John's wife Mary was an Alabama Polytechnic Institute (now Auburn University) graduate in home economics. She was born and raised in West Point, Georgia and according to her FSU biography was a "Southern lady" who "brought grace and elegance to Florida State University". The children were age seven and nine when their father became president and the family moved into the President's House (which is now the Pearl Tyner Alumni Welcome Center).

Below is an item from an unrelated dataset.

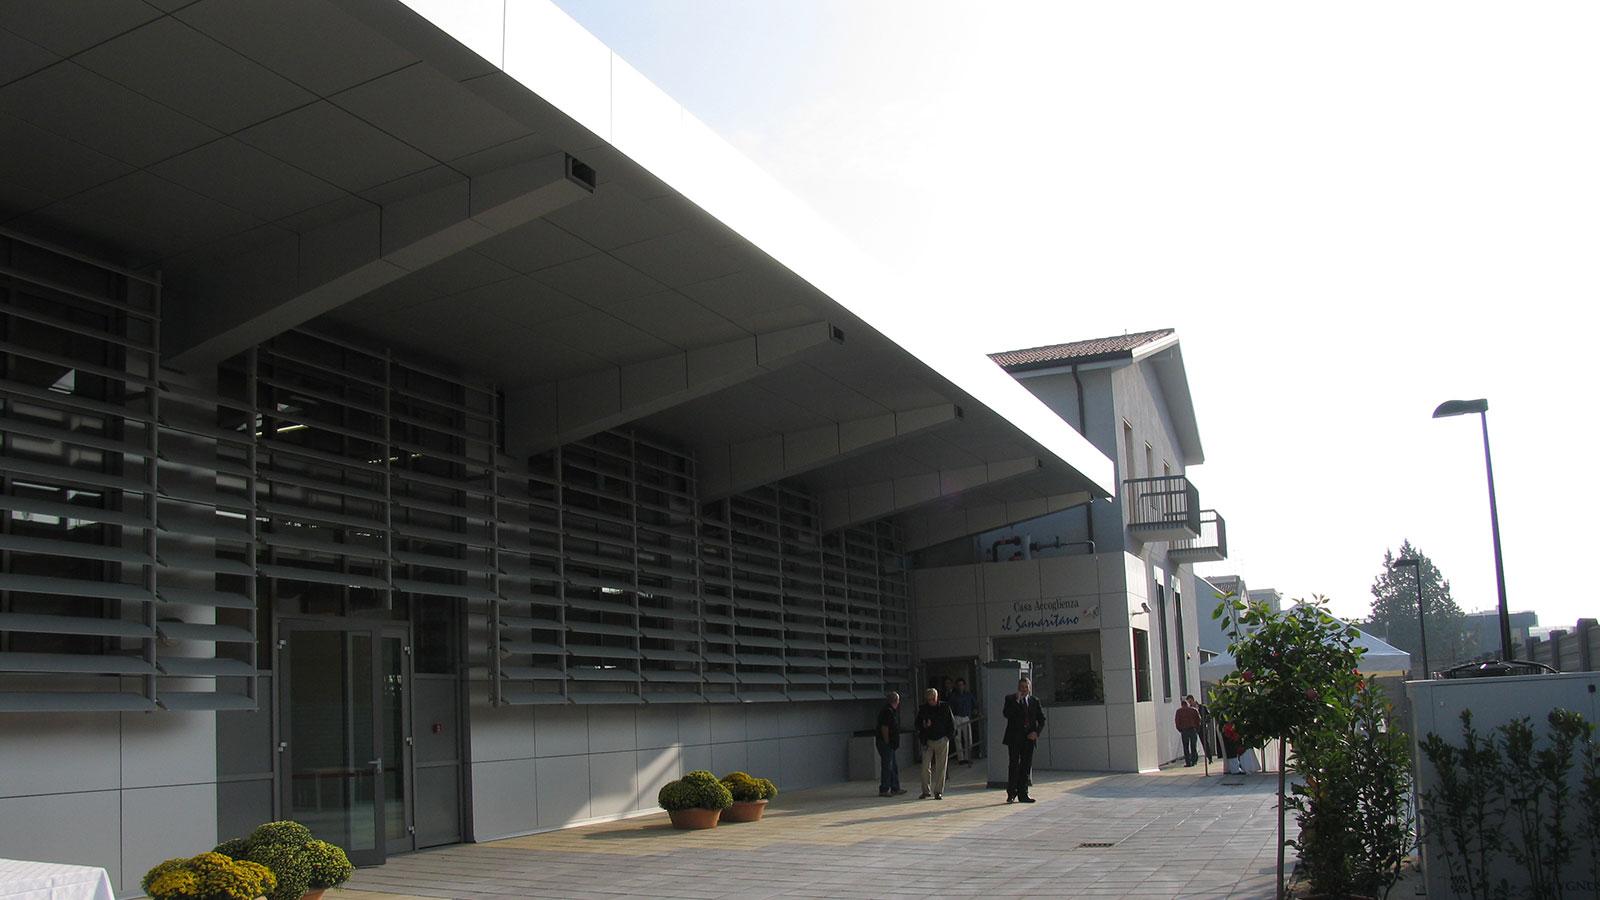 Ridistribuzione interna ed adeguamento igienico sanitario di un edificio adibito a pronta accoglienza per lavoratori e persone bisognose sito in Via Silvestrini a Verona

After stepping down as president, Champion taught for sixteen years in the College of Business. He and Mary took a sabbatical at the University of Hawaii and participated in the international study program in London.
He retired as professor emeritus in 1985 and they continued their foreign travels. He was past president of the Downtown Rotary Club and a deacon and elder at the Faith Presbyterian Church where they were founding members.

Both John and his wife Mary were honored in 2001 with the Florida State University Torch Award for Vires.

John died in 2002, and Mary stayed active in FSU activities for 12 years before moving to North Carolina to be close to children and grandchildren. She died in 2018.